* [Material provided]
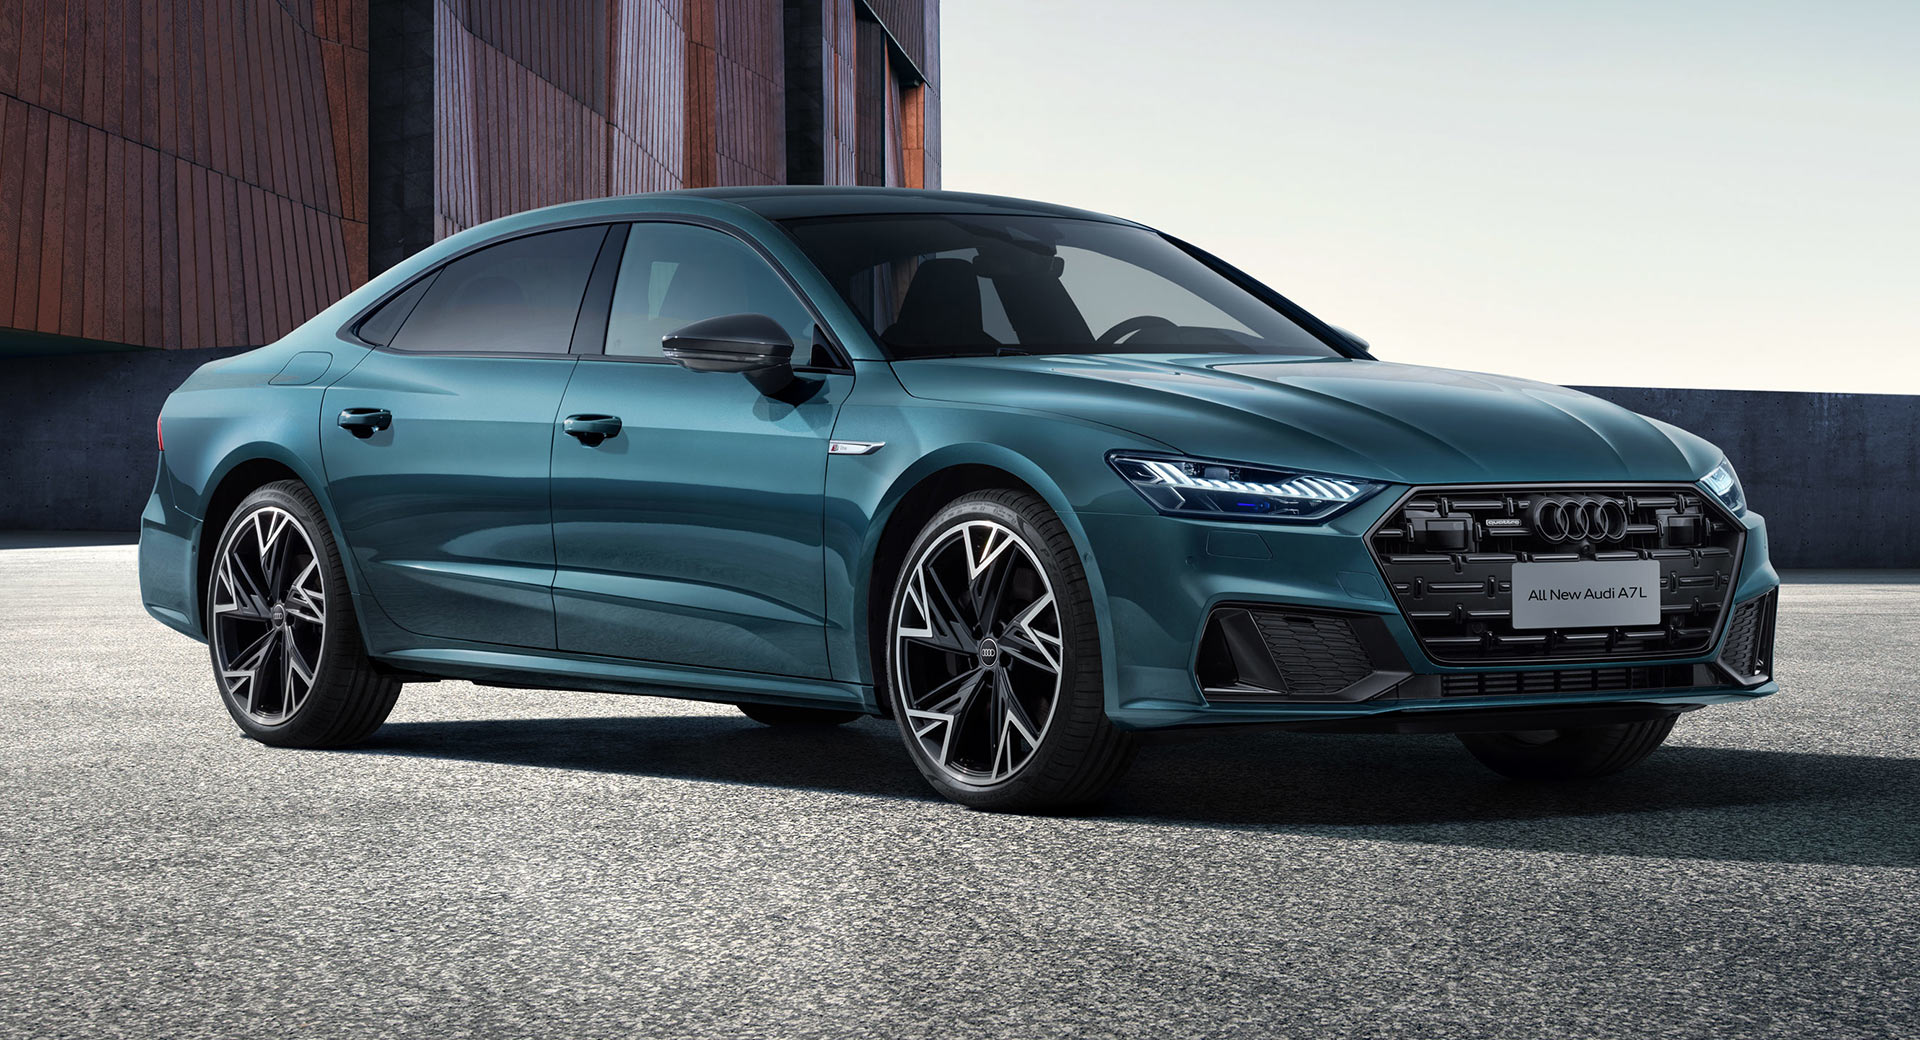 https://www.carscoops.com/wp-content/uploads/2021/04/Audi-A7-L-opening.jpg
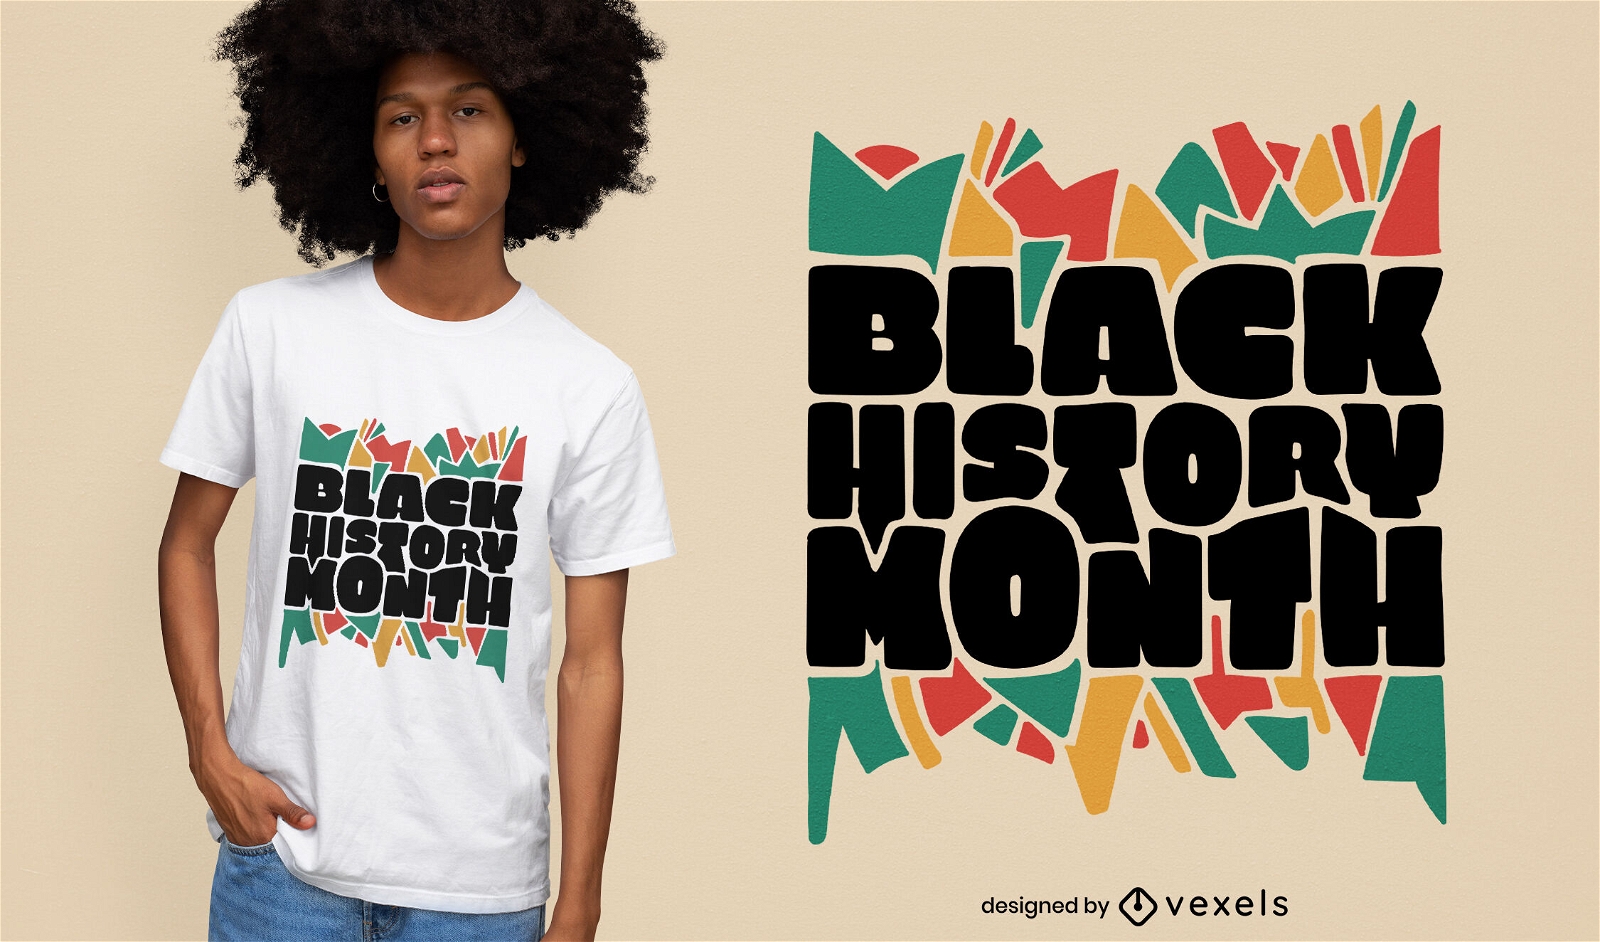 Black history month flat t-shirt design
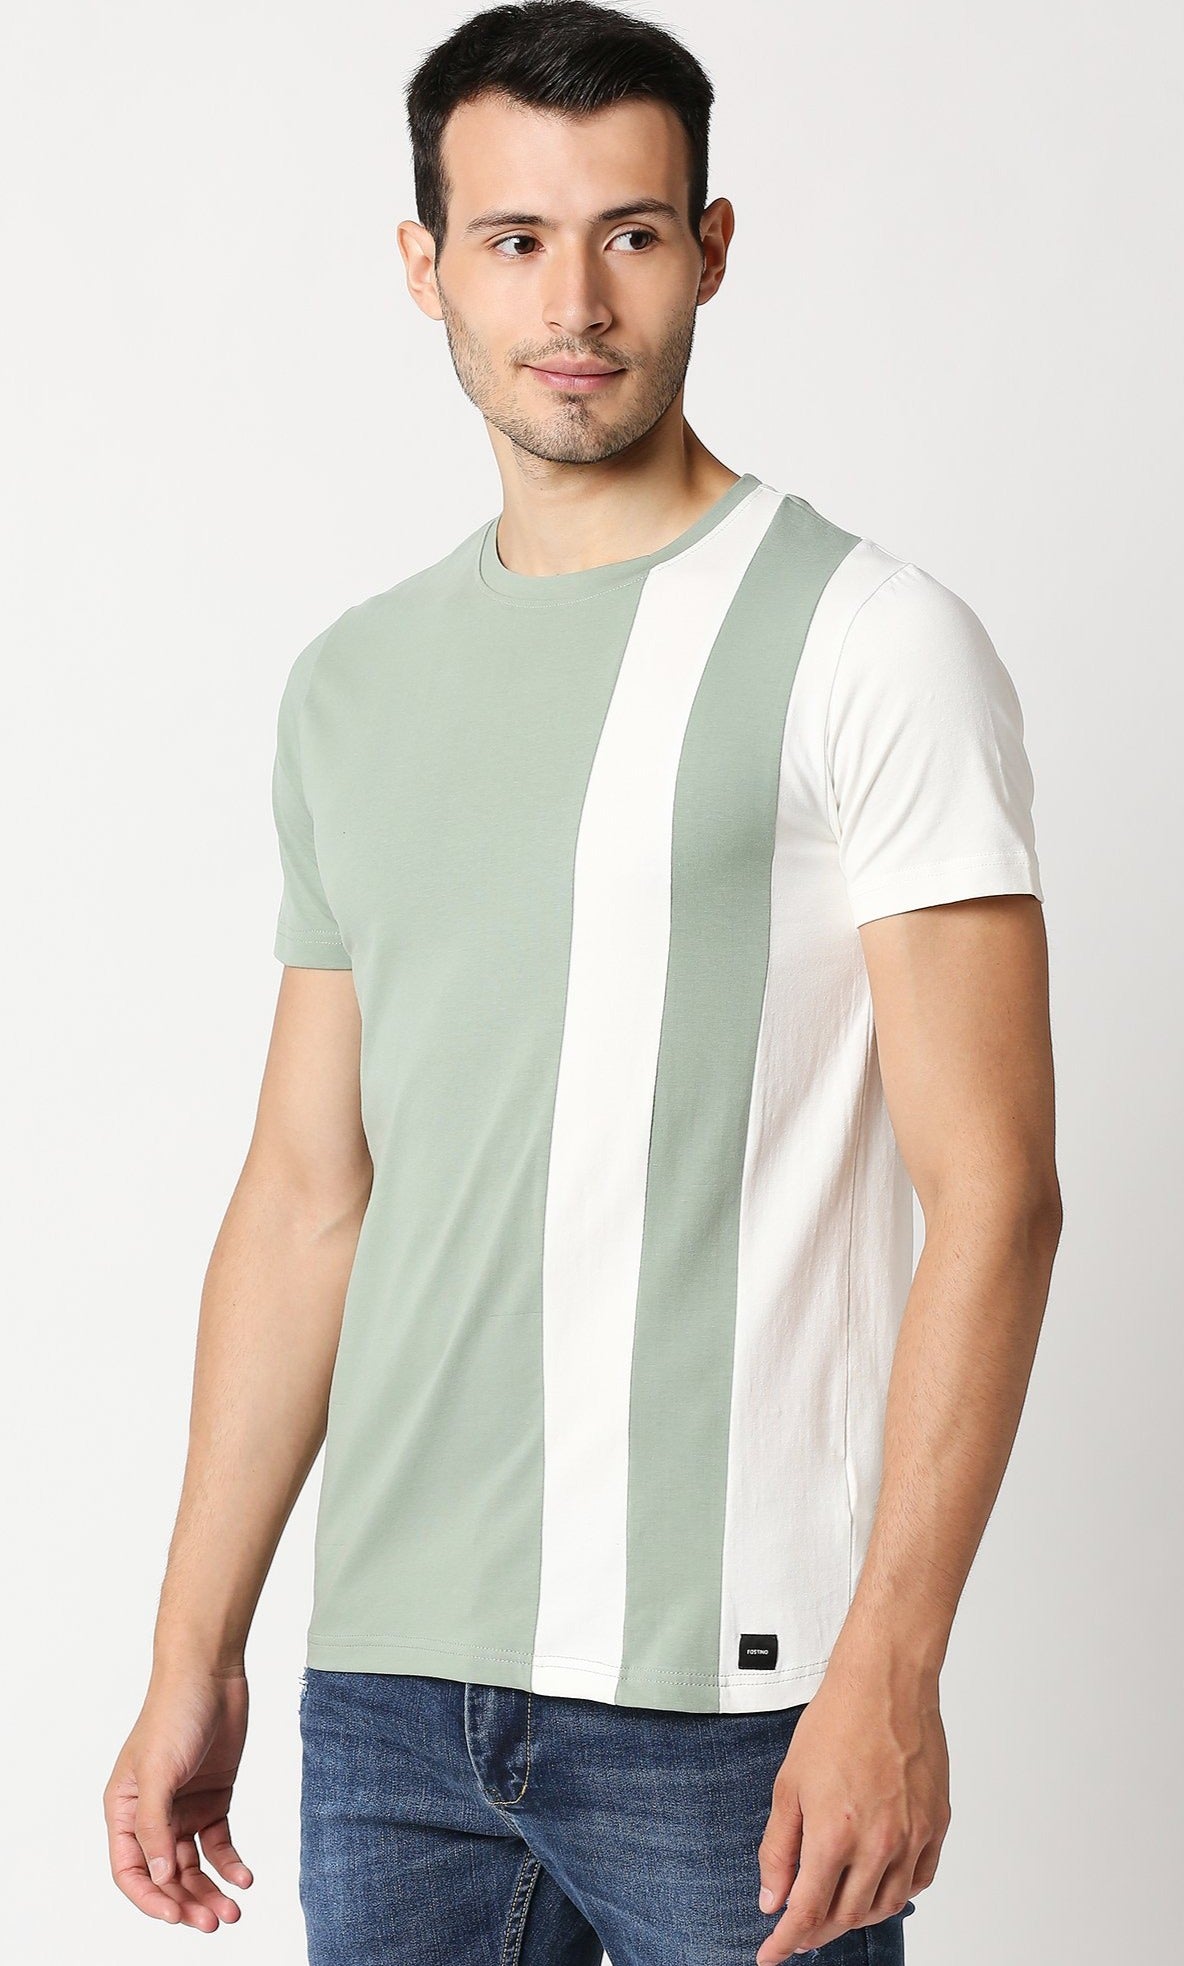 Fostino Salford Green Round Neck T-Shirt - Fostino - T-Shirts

* [Work to be completed] Go through the listing above and retype each line exactly, apart from the pictures.

* [Solution]
 https://www.carscoops.com/wp-content/uploads/2021/04/Audi-A7-L-opening.jpg
 Black history month flat t-shirt design
 Fostino Salford Green Round Neck T-Shirt - Fostino - T-Shirts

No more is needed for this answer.